Following Sunday’s front-page story at The New York Times that sought to cast Donald Trump as an aggressive and obnoxious pursuer of women, the presumptive Republican presidential nominee quickly deployed a countering media and narrative strategy.
Deriding the left-wing newspaper on Twitter, Trump also pointed to a Monday morning interview with Rowanne Brewer Lane - a former girlfriend of the New York City billionaire - on Fox & Friends.
Featured prominently in The New York Times article, Lane said her statements were “spun” by The Grey Lady to misrepresent her relationship with Trump as a “negative experience.”
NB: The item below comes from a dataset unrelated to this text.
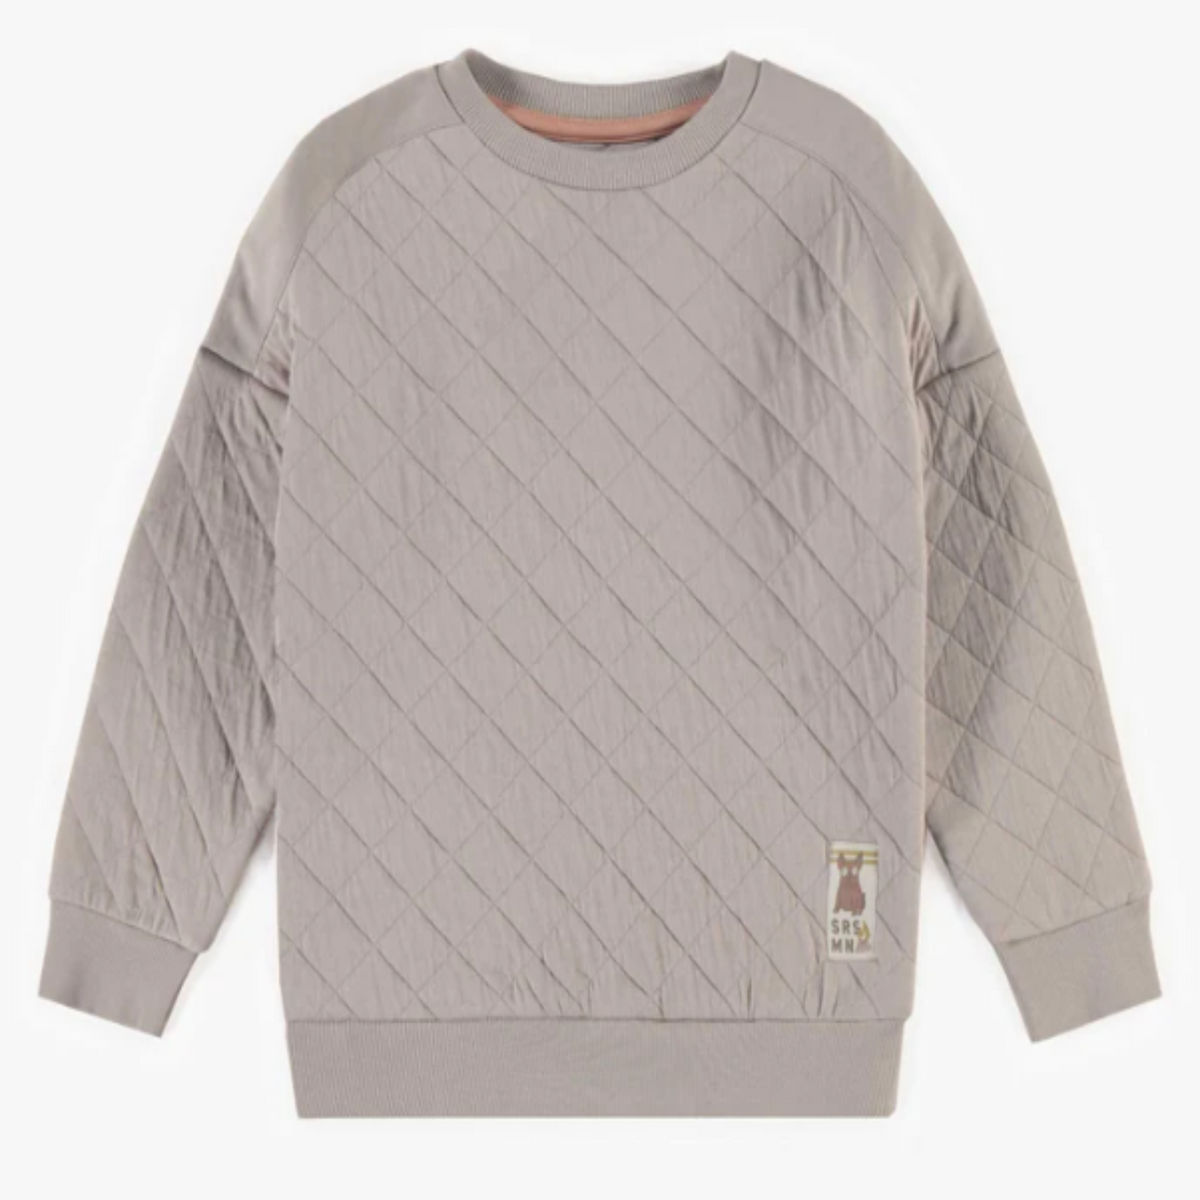 Grey sweater in quilted jersey
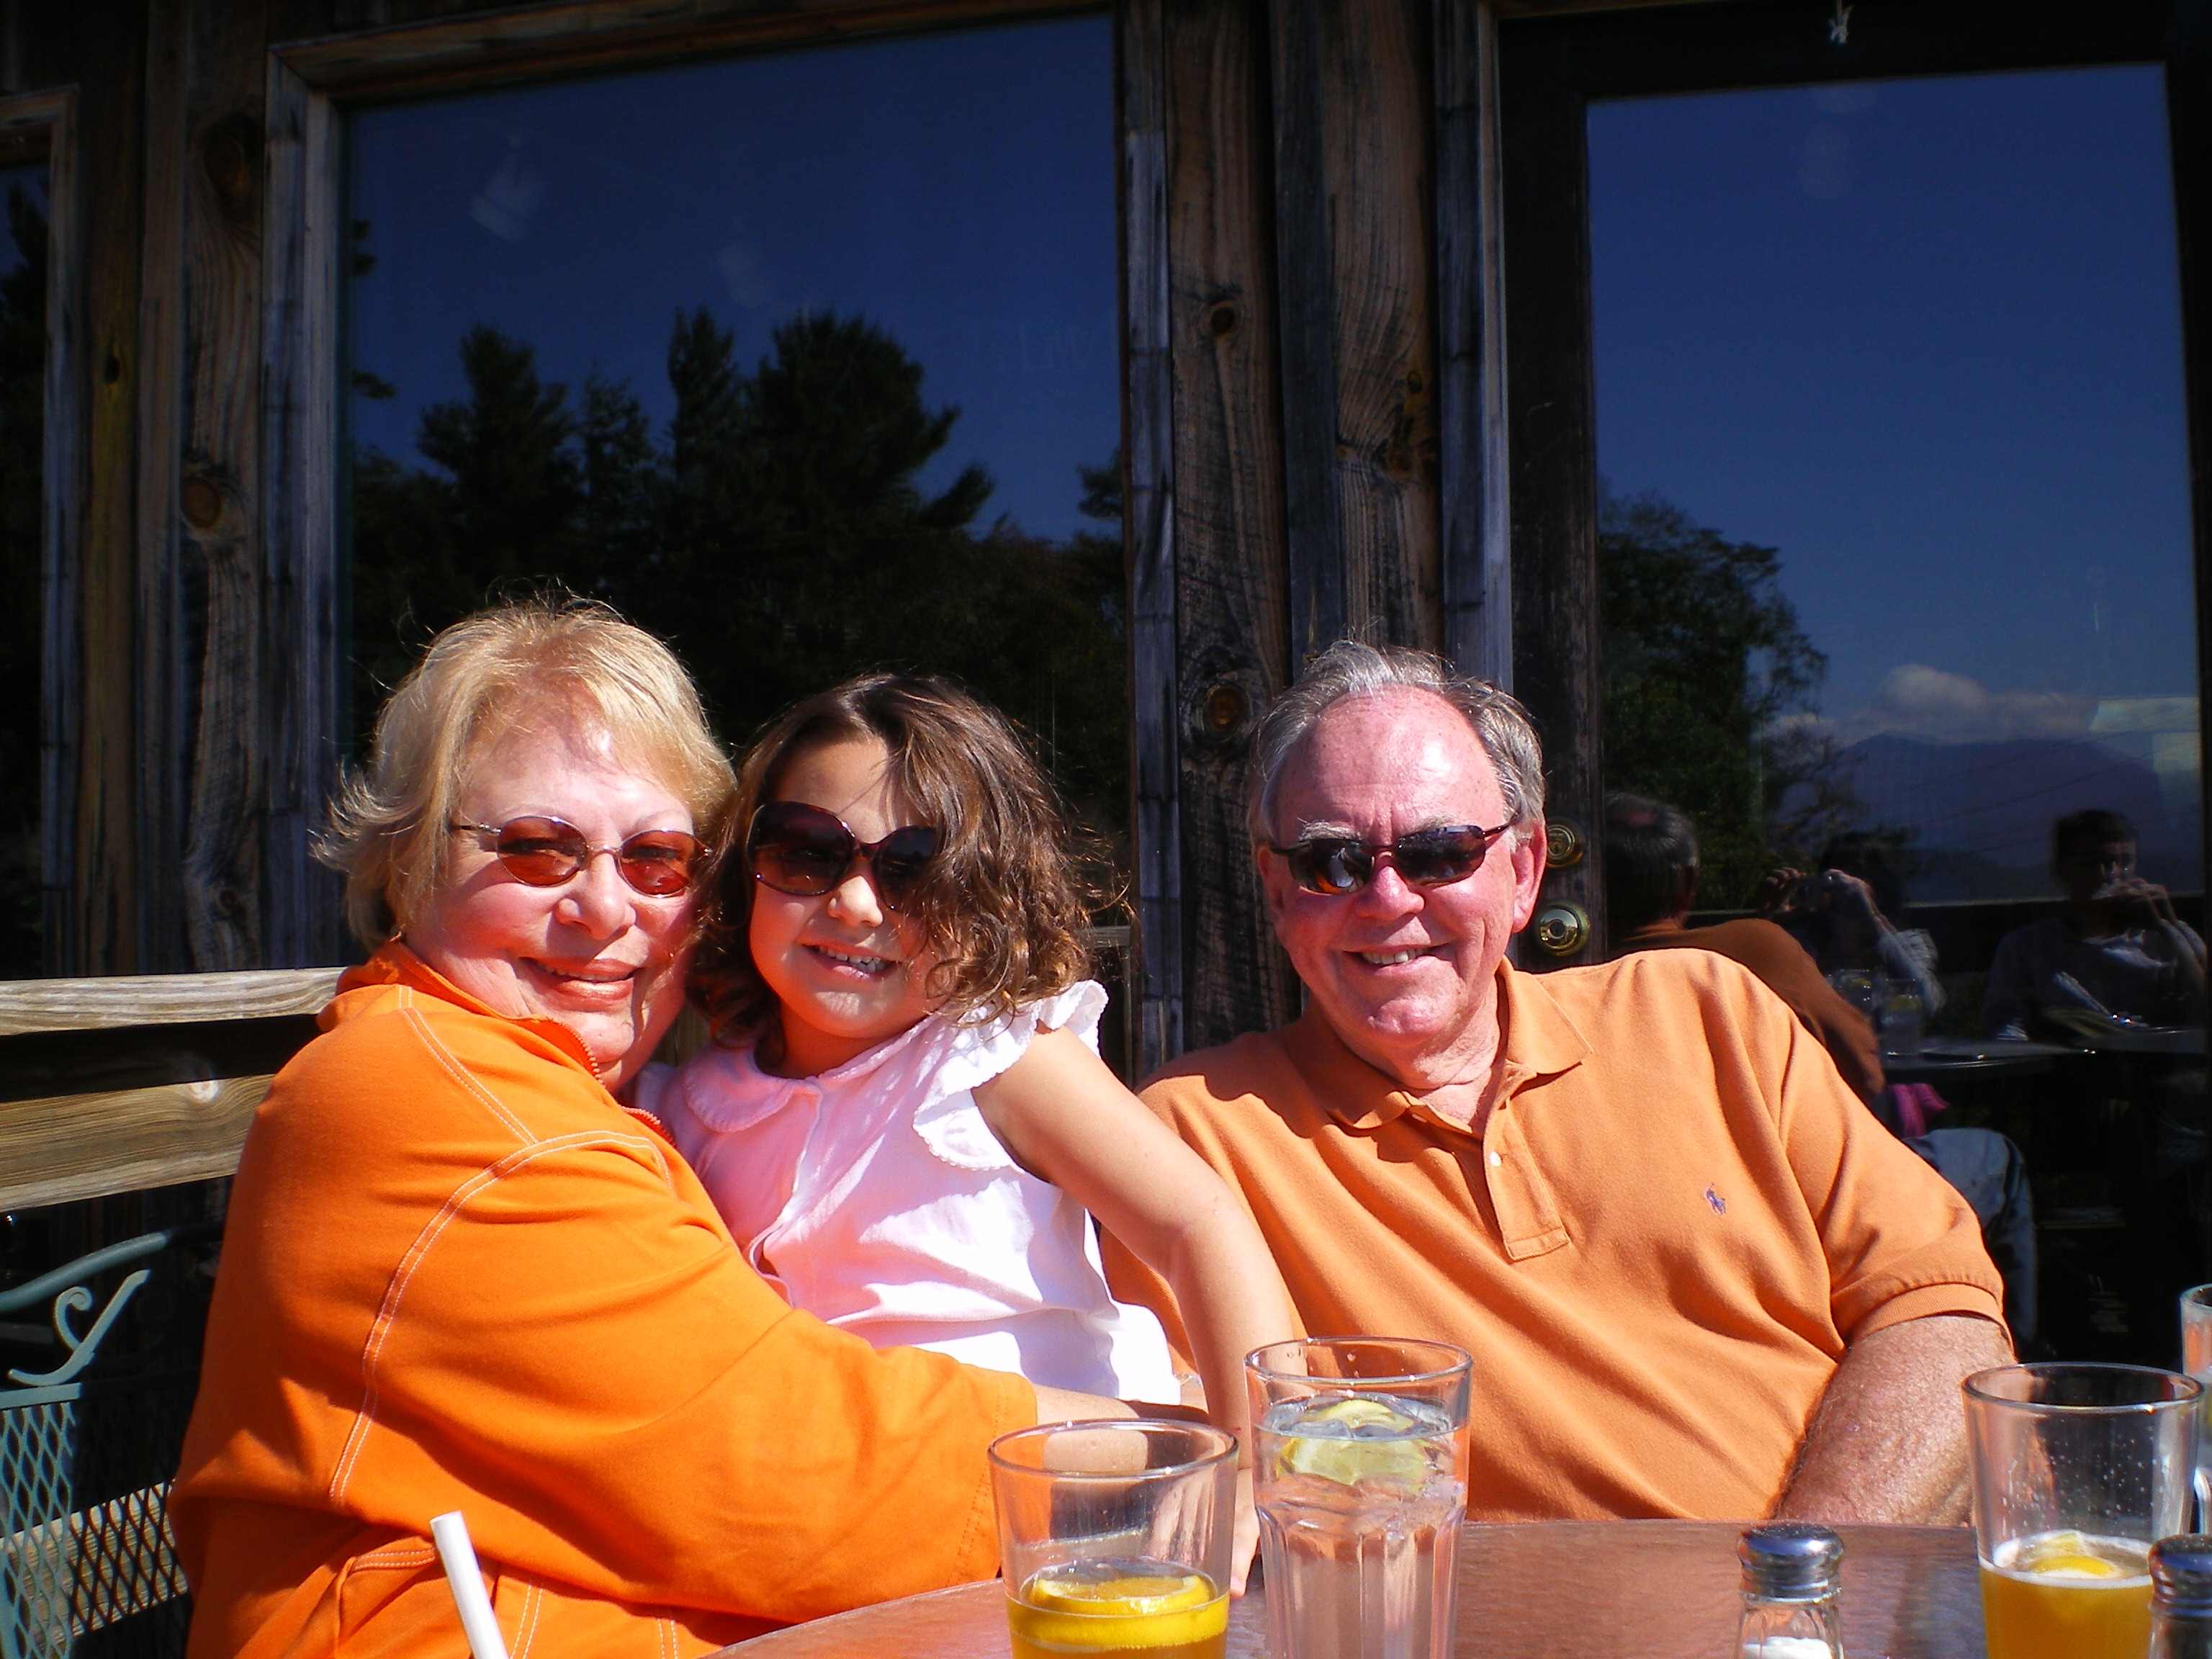 My Parents with My Niece Anne Shelton (And No They Aren't Tennessee Fans)

Shortly after the above-mentioned interview, left-wing CNN’s Brian Stelter said Donald Trump called into his network’s New Day control room in order to ensure that CNN staff had seen it.
Lane went on to do three more interviews on Monday morning, rejecting the innuendo of The New York Times article and its attempt to advance the leftist “War on Women” narrative for Hillary Clinton’s benefit.
Pushing back by defending their journalistic bona fides, the two reporters from The New York Times - Michael Barbaro and Megan Twohey - also took to television news, speaking with left-wing CBS. Barbaro and Twohey concluded that Trump's "attitudes towards women" are complex and paradoxical, despite the headline and lede of their article implying otherwise.
CNN's media analyst Dylan Byers assessed that Trump had "reset" the narrative.
Political observers may be witnessing an evolution in Trump’s rapid response media strategy.